Wednesday, December 19, 2012

Tornado Threat Skyrockets at Night

With tornadoes possible in the South this week, this headline caught my eye:


28% of NC Tornadoes Occur at Night but Are Responsible for 67% of all Tornado Fatalities



If a tornado watch is in effect when the late news is on and thunderstorms are forecast for your location I recommend a tone-alert weather radio or one of the new smartphone apps that will alert you if a tornado warning is issued for your location (keep the phone near your bed).

More on the study:

A study by Walker Ashley and others (Ashley et al. 2008) examined tornadoes from 1950 to 2005 and found that 27.3% of all tornadoes across the nation were nocturnal, while 39.3% of tornado fatalities occurred at night. In this study, nocturnal or nighttime tornadoes were defined as tornadoes with start times in local standard time that occur between the local sunset and sunrise. During the 55 year period, tornadoes were nearly 2.5 times as likely to kill during the overnight hours as those during the daytime. Even more alarming, the study found that North Carolina was ranked first with the greatest percentage of killer nocturnal tornadoes. They noted that 81% of all tornado deaths in North Carolina during this period occurred at night while only 28% of all tornadoes in North Carolina during this period actually occurred at night.

While this specifically applies to North Carolina, the basic principle applies everywhere. It is dangerous for tornadoes to sneak up in the middle of the night.

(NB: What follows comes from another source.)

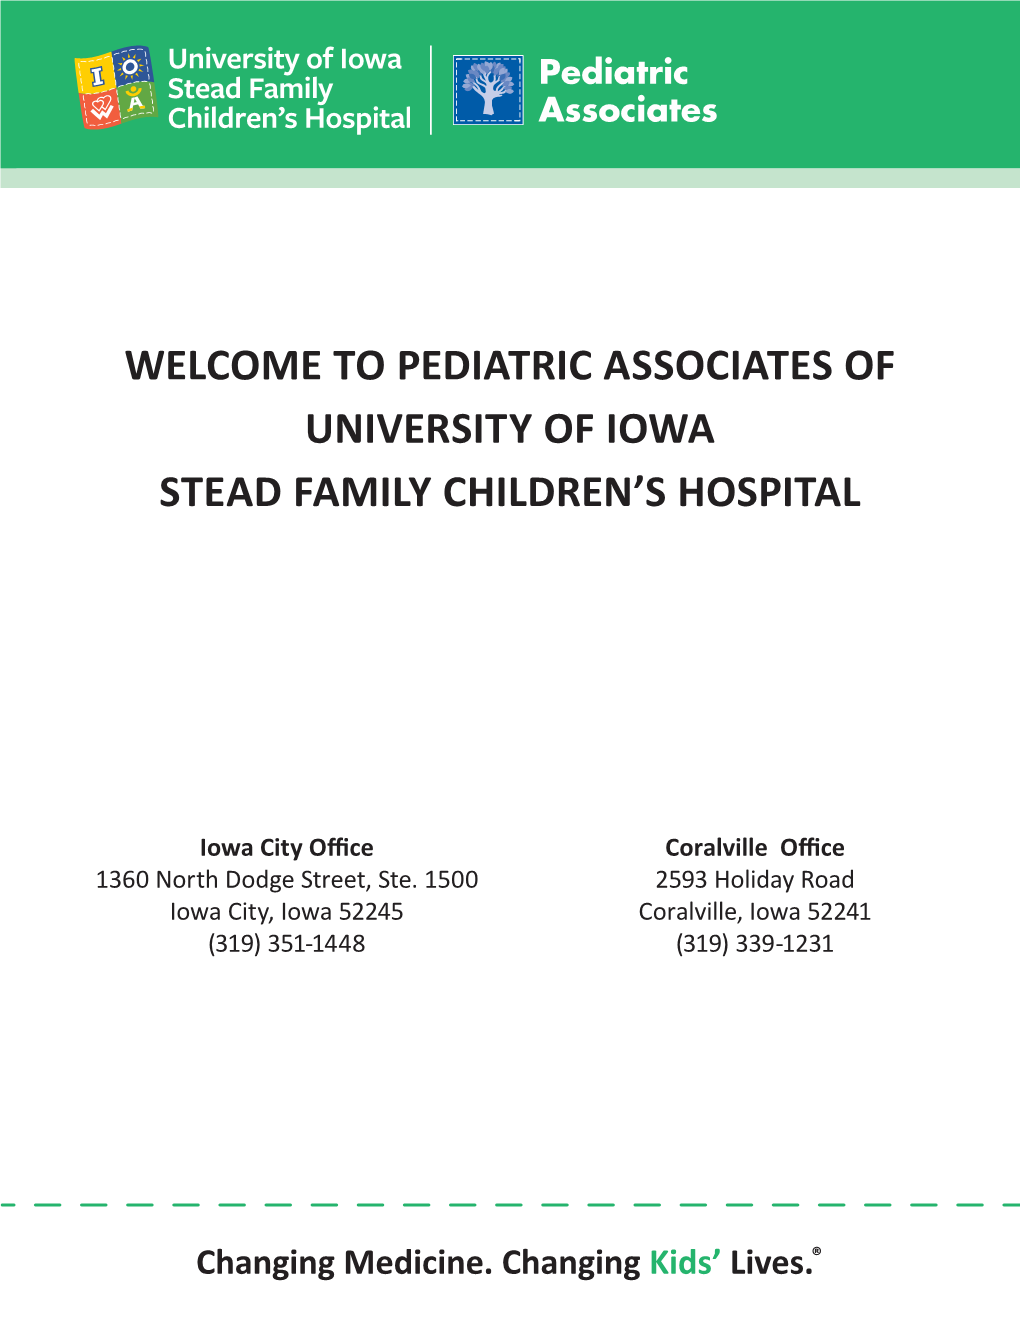 Pediatric Associates of University of Iowa Stead Family Children's Hospital

Tornadoes are possible tonight in southern Missouri and Arkansas. 

Hat Tip: Nate Johnson

ADDITION: Via Facebook, reader Bob Kerr reminds us of the November 6, 2005, tornado in Evansville, IN that touched down at 1:50am and killed 23. Thanks, Bob.

Bob also directed me to this information from the NWS in Paducah, KY. I wasn't aware there was a "Nocturnal [overnight] Tornado Alley."